Hearts and minds are irrelevant 

If I had a dollar for every time that the U.S. began some big new offensive to finish of the Iraqi insurgency I would be would be getting quite wealthy by now. Yet another such offensive has now begun. Of course the scores of previous offensives did nothing to put down the insurgency. Not even the destruction of entire cities such as Falluja. So the total lack of significance of the current one should come as no surprise.

Nevertheless, the news coverage of them is sometimes illuminating. It illuminates not by telling us things any perceptive person couldn’t have already surmised. Rather, it confirms those things which we already know but that the war apoligists go to great lengths to deny. Lets take the New York Times article on the current offensive as an example:


HUSAYBA, Iraq, Nov. 5 - Thousands of American and Iraqi troops laid siege on Saturday to this town near the Syrian border in one of the largest military assaults since American-led forces stormed the guerrilla stronghold of Falluja last year, Marine Corps officials said.

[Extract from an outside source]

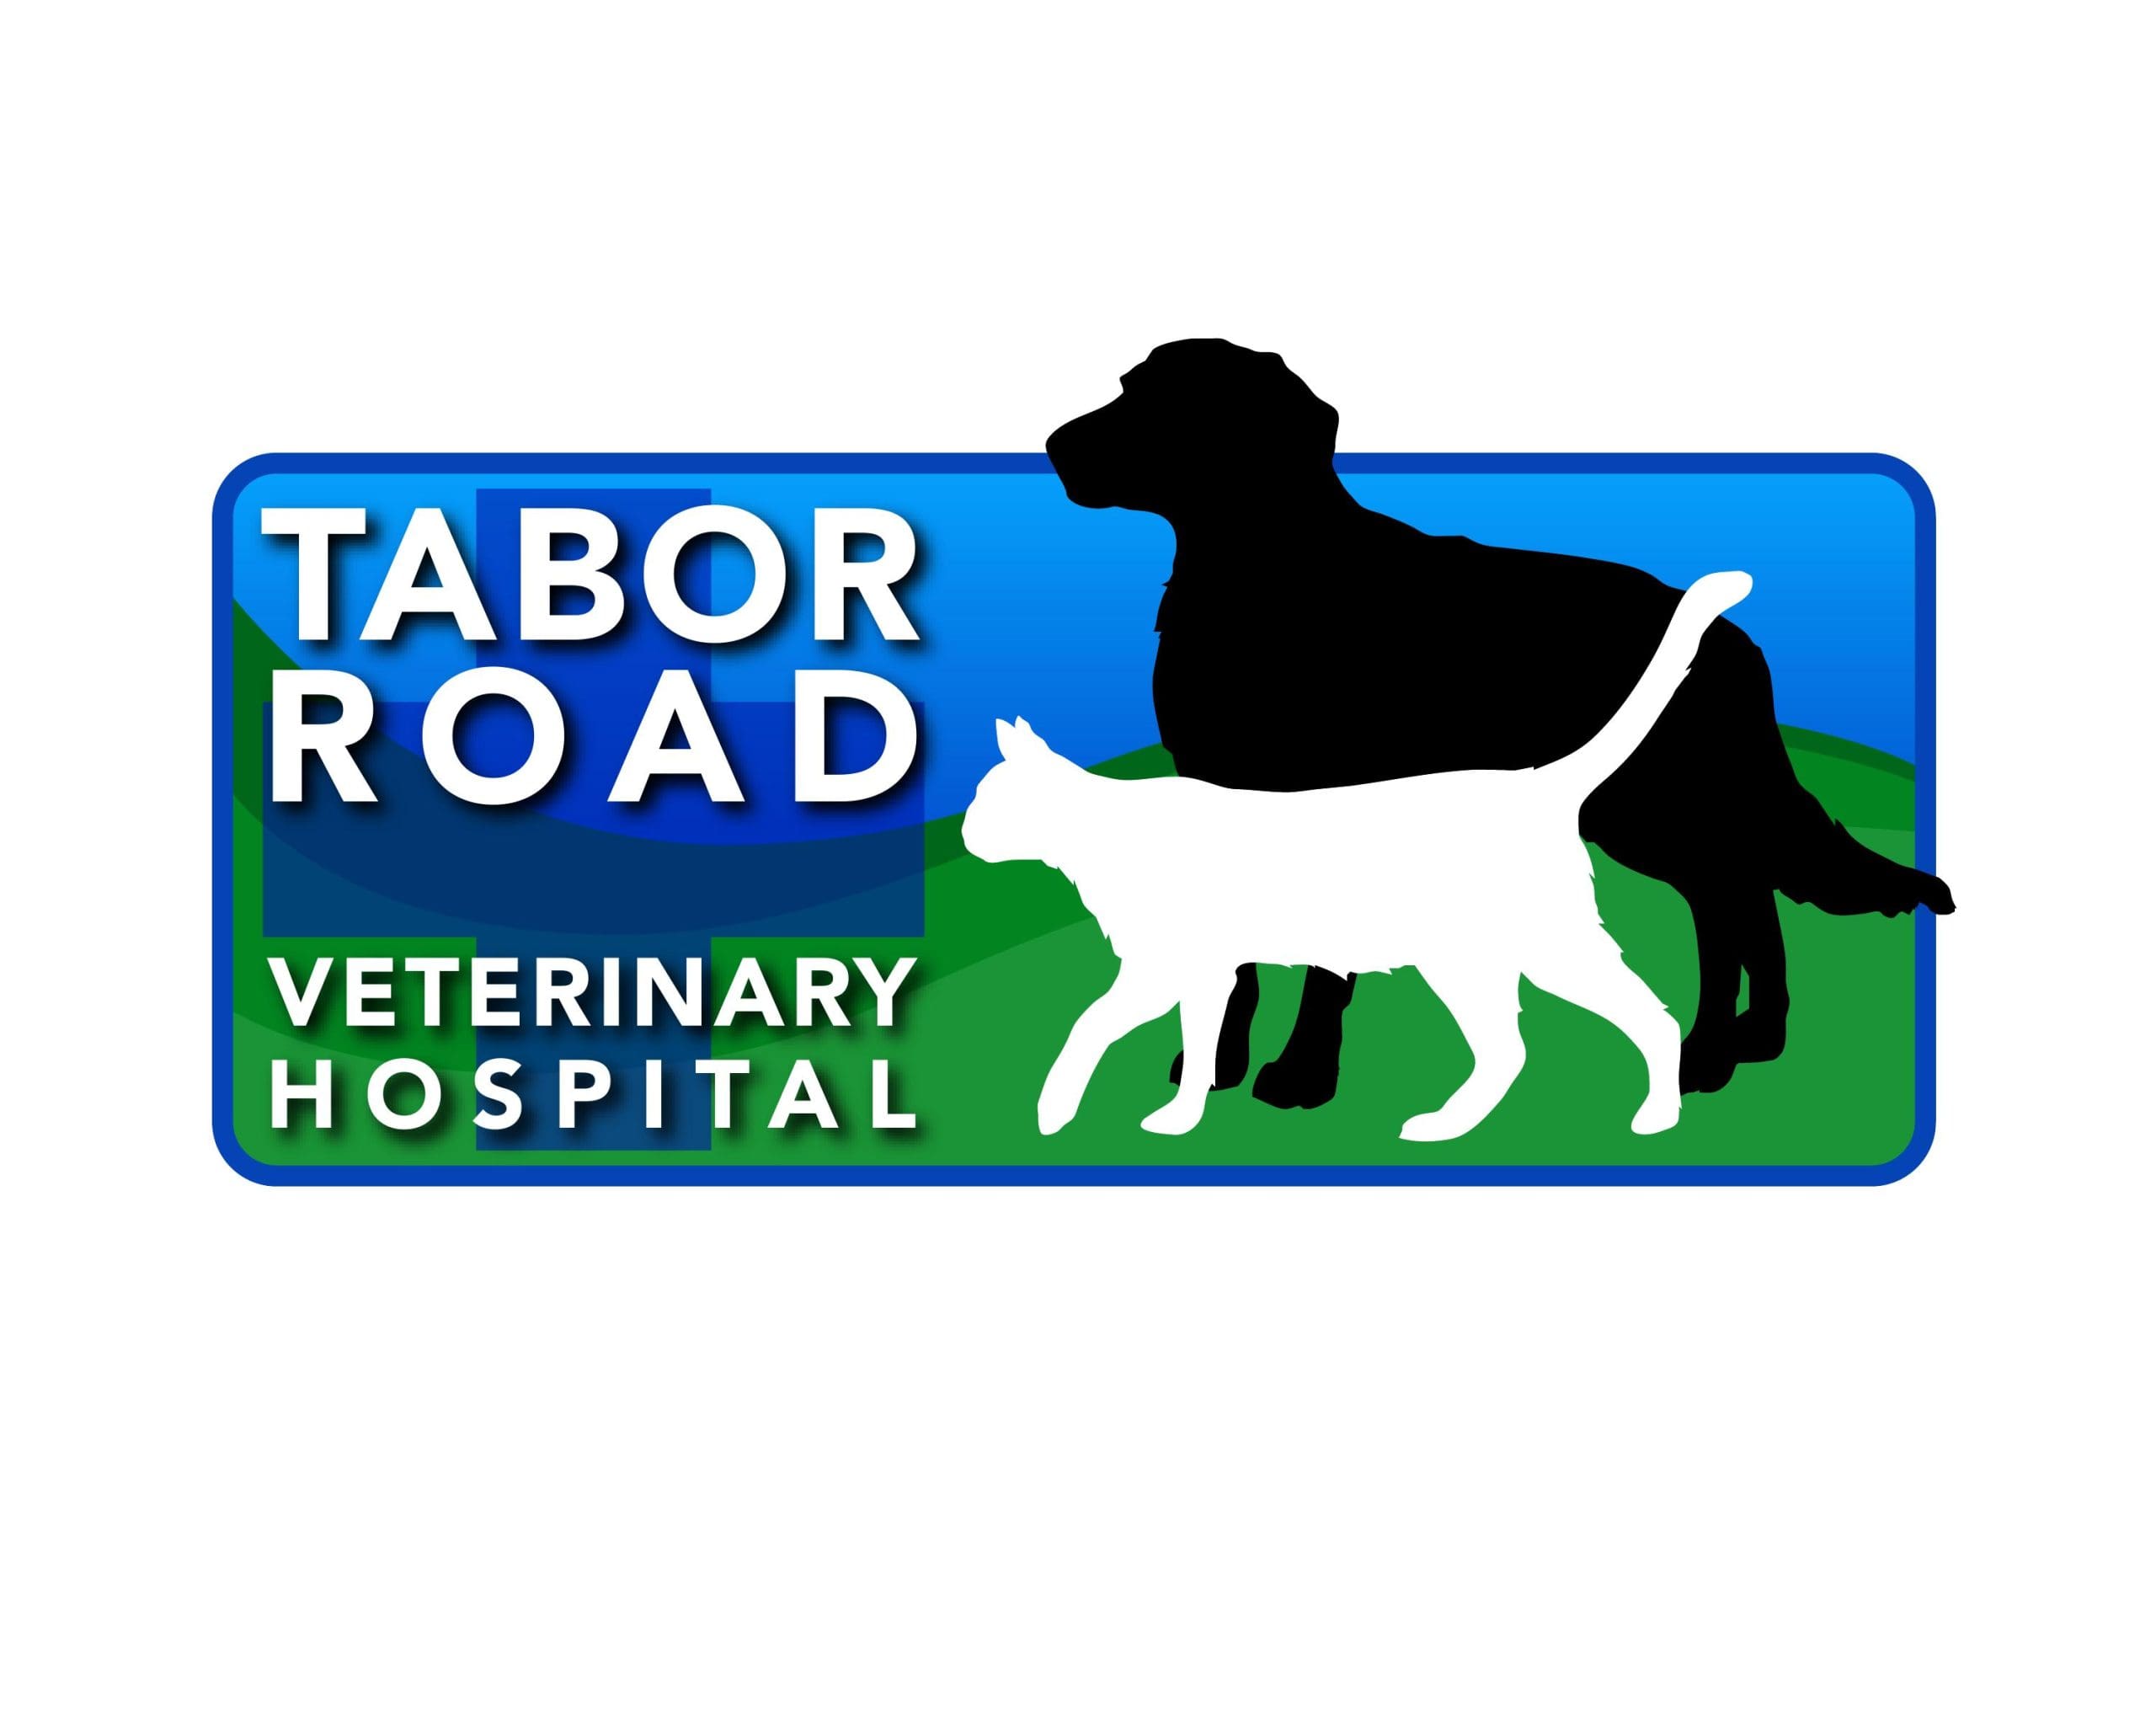 Tabor Road Veterinary Hospital

The sweep, aimed at shutting down the flow of foreign fighters along the Euphrates River, began early Saturday as 2,500 American troops and 1,000 Iraqi Army soldiers, all led by the Marines, cordoned off roads around Husayba before rolling into town in armored vehicles and marching in on foot.

Insurgents armed with Kalashnikovs opened fire down alleyways and from windows. Fighter jets streaked overhead, dropping 500-pound bombs. Explosions resounded throughout the day as the invading troops advanced house by house, searching each one.

By nightfall, the American-led forces had taken only several blocks in the town's western half and still had more than a mile to go before reaching the eastern edge. At least two Americans were wounded in combat. Marines began making camp in seized houses, while sporadic gunfire and mortar explosions could be heard in the streets.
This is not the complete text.